Cafferty przewiduje, że w przyszłości, dzięki olbrzymiej pojemności oligopeptydów mogą powstać archiwa, które na niewielkiej przestrzeni będą przechowywały gigantyczne ilości informacji, całość zaś będzie tania, stabilna i nie będzie zużywała prądu.
Komentarze (5)
krzysztof B7QkDkW, 2 maja 2019, 18:46
Trochę polecę w stronę SF.
Mając do dyspozycji możliwość tak kompaktowego zapisu informacji, rożne koncepcje przychodzą człowiekowi do głowy.
Można by sobie wyobrazić że Sonda von Neumanna przypominała by kosmiczne ziarenko. Połączenie biotechnologii - zapis informacji (software) i nanotechnologii - odczyt, interpretacja i wykonanie zapisanego programu (hardware).
Dodajmy do tego żagiel słoneczny i otrzymujemy coś na kształt niełupka mniszka pospolitego (dmuchawiec) rozsiewający się po galaktyce.
look997, 4 maja 2019, 18:09
Tam popełniliście błąd w artykule, Shannon nie był ojcem teorii informacji, tylko teorii ilości informacji. To bardzo ważne rozróżnienie.
@krzysztof B7QkDkW Myślałem o czymś podobnym. Tylko w mojej wizji było jeszcze powielanie informacji, zjadanie napotkanej materii i rozszerzanie się takie tzw. "szarej masy" zawierającej informacje. I w tej szarej masie miałoby odbywać się również całe życie, bo chodzi o odtworzenie życia w małej skali, żeby uciekać przed entropią... Grubszy temat.
Rowerowiec, 5 maja 2019, 13:21
Ciekawe dlaczego chcą przechowywać dużo informacji na tysiące lat, skoro po globalnym kataklizmie wiele z przechowywanych informacji będzie bezużyteczna. Tak samo będzie wielce prawdopodobne, że nikt jej nie odczyta. Bo czy teraz szukamy zapisanych informacji we wszystkim co badamy? Super inteligentna forma przekazu informacji będzie opierała się raczej na ujawnieniu informacji bez potrzeby odczytu. To co teraz mamy wymaga dużego skomplikowania. Przykładowo malowidła na ścianie w jaskini są bez problemu odczytane i zinterpretowane. A weźmy nawet płytę CD i dajmy komuś z lasu w Amazonii. Potnie, zrobi wisiorki i będzie mu w tym ładnie. Taki sam sens mają te molekuły. Zresztą tak jak każda forma złożona. Ma to chyba tylko sens jeżeli założymy ciągłość tzw cywilizacji. Wtedy przecież możemy na bierząco przez tysiąc lat robić kopie i archiwizować. Odczytamy tylko my.

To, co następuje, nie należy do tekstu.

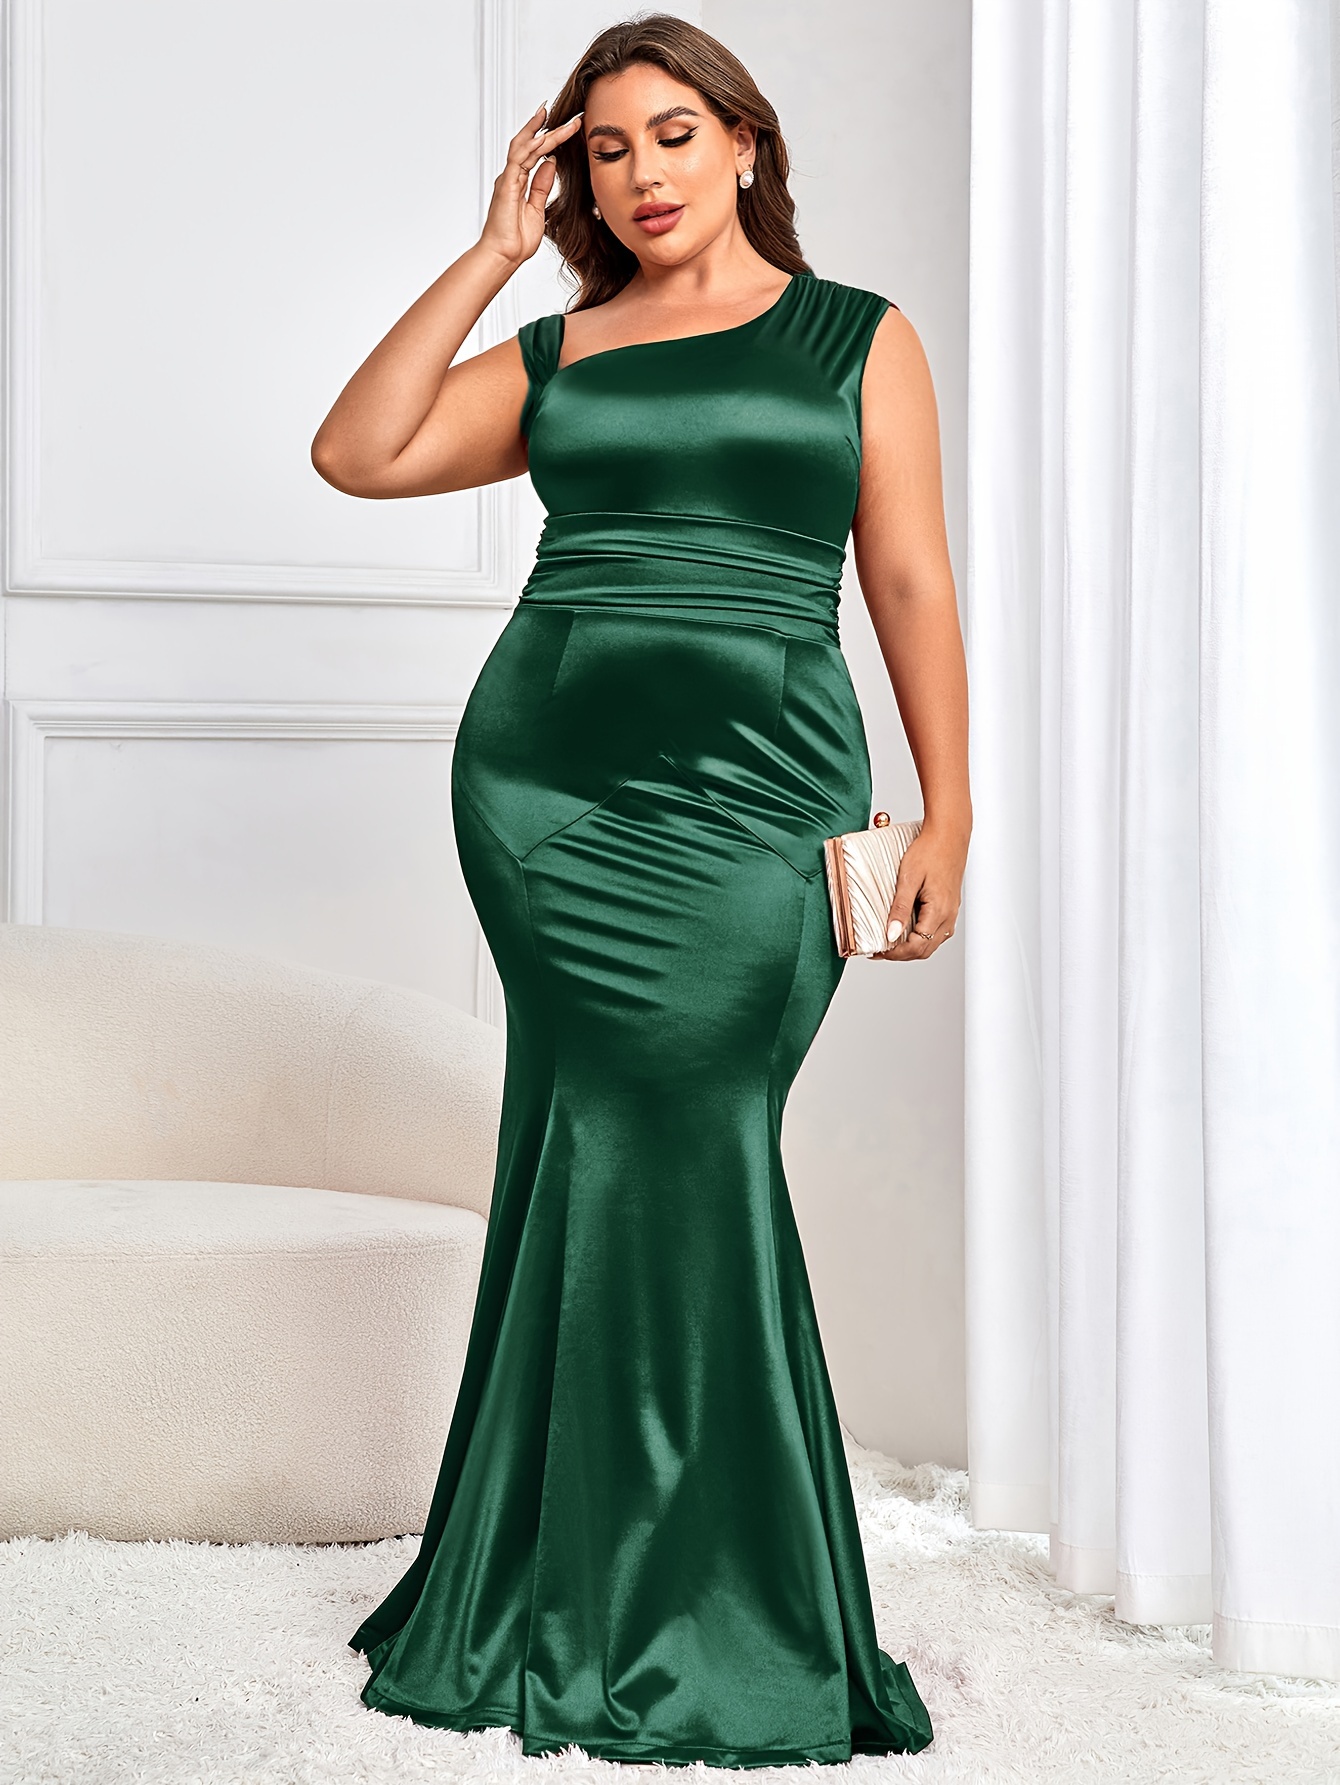 plus size asymmetrical mother of the bride dress elegant sleeveless fit flare dress for wedding party womens plus size clothing

lukastar, 6 maja 2019, 08:55
"Za pomocą spektrometru mas możemy badać masę oligopeptydów i przypisywać „1” tam, gdzie oligopeptyd jest obecny i „0” by oznaczyć jego brak. Zatem mieszanina 8 oligopeptydów odpowiada 1 bitowi, w 32 można przechować cztery bity."

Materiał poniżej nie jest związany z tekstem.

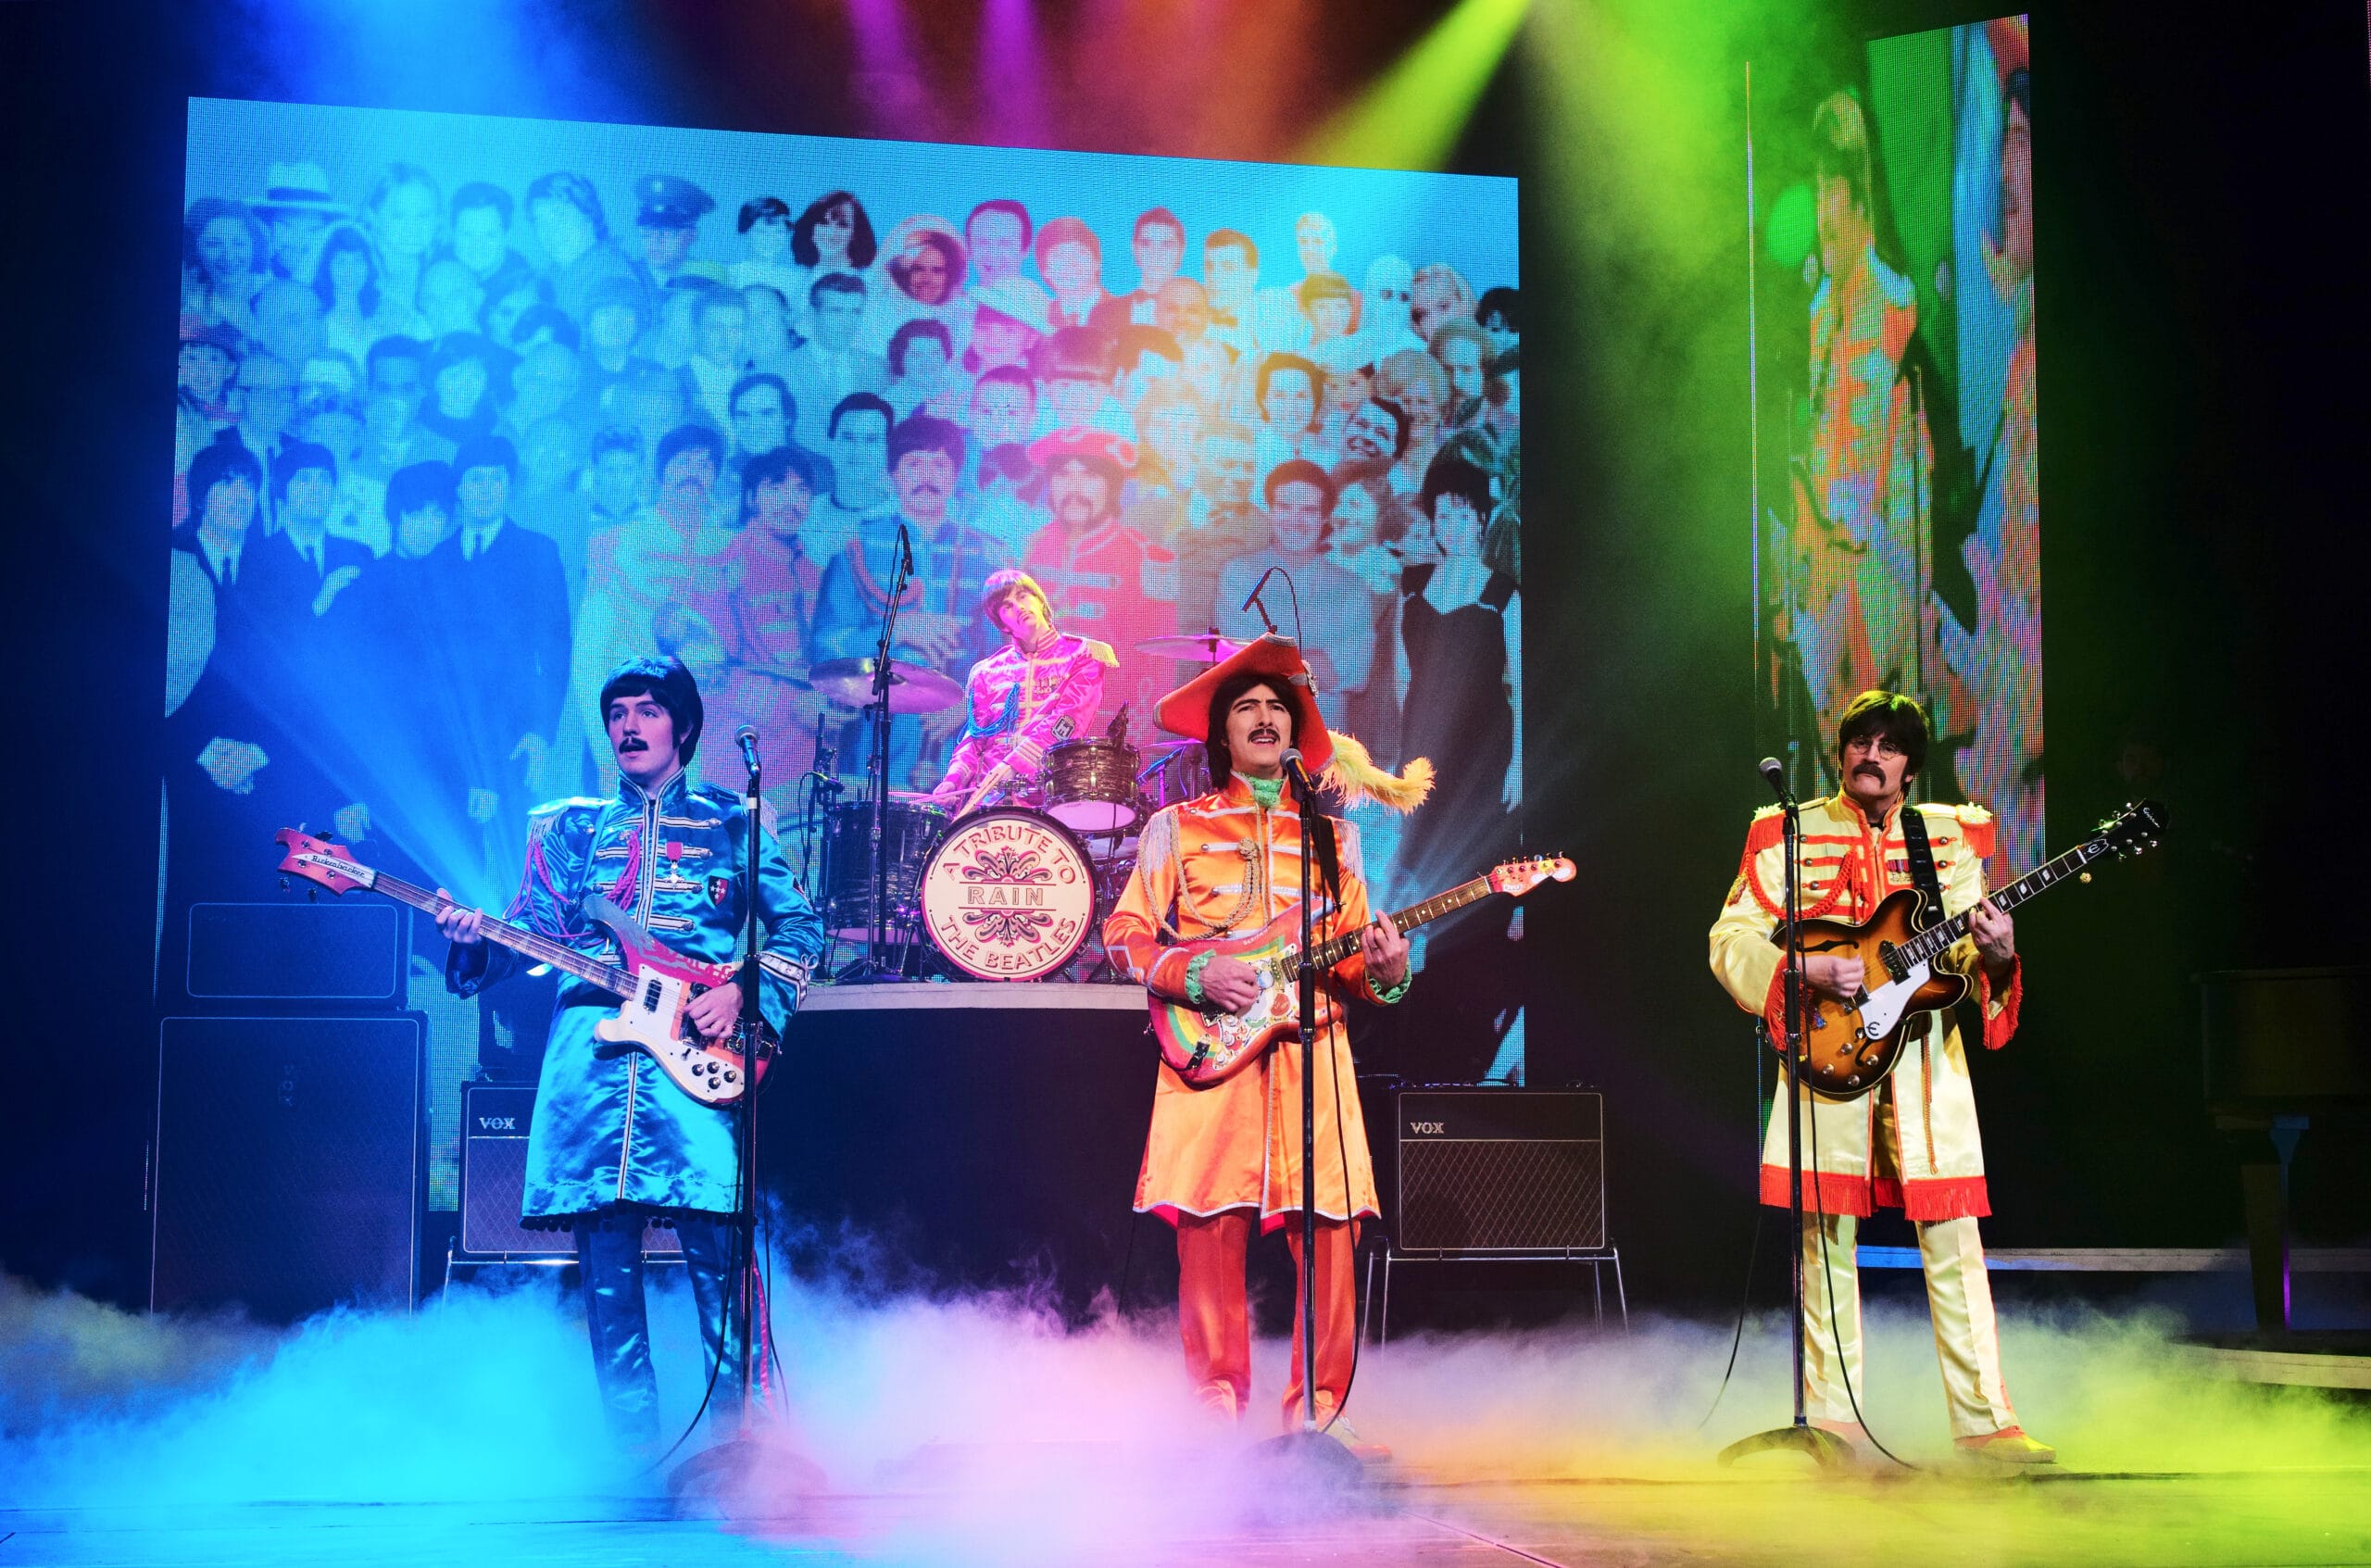 Rain - A Tribute to the Beatles live on stage

Chodzi oczywiście o bajty, a nie bity.
radar, 21 lipca 2019, 09:01
Przepraszam, za odkopanie tematu, ale nadrabiam zaległości
Będzie bardzo użyteczna, choćby do informacji jak wyglądało nasze życie i nasza wiedza coby nie odkrywać koła na nowo.
I tak, szukamy informacji we wszystkim co badamy, tylko problem polega właśnie na tym, że nie mamy jak. Tak samo z rysunkami na skale, my je interpretujemy (po swojemu), a nie odczytujemy. Odczytujemy np. hieroglify dzięki Kamieniowi z Rosetty, to była instrukcja. W przyszłości również ktoś znajdzie taką instrukcję jak odczytać te oligopeptydy i voila!
Mnie ciekawi, dlaczego zamykają się w kodzie binarnym skoro mogliby użyć "dowolnie" wyższego kodu?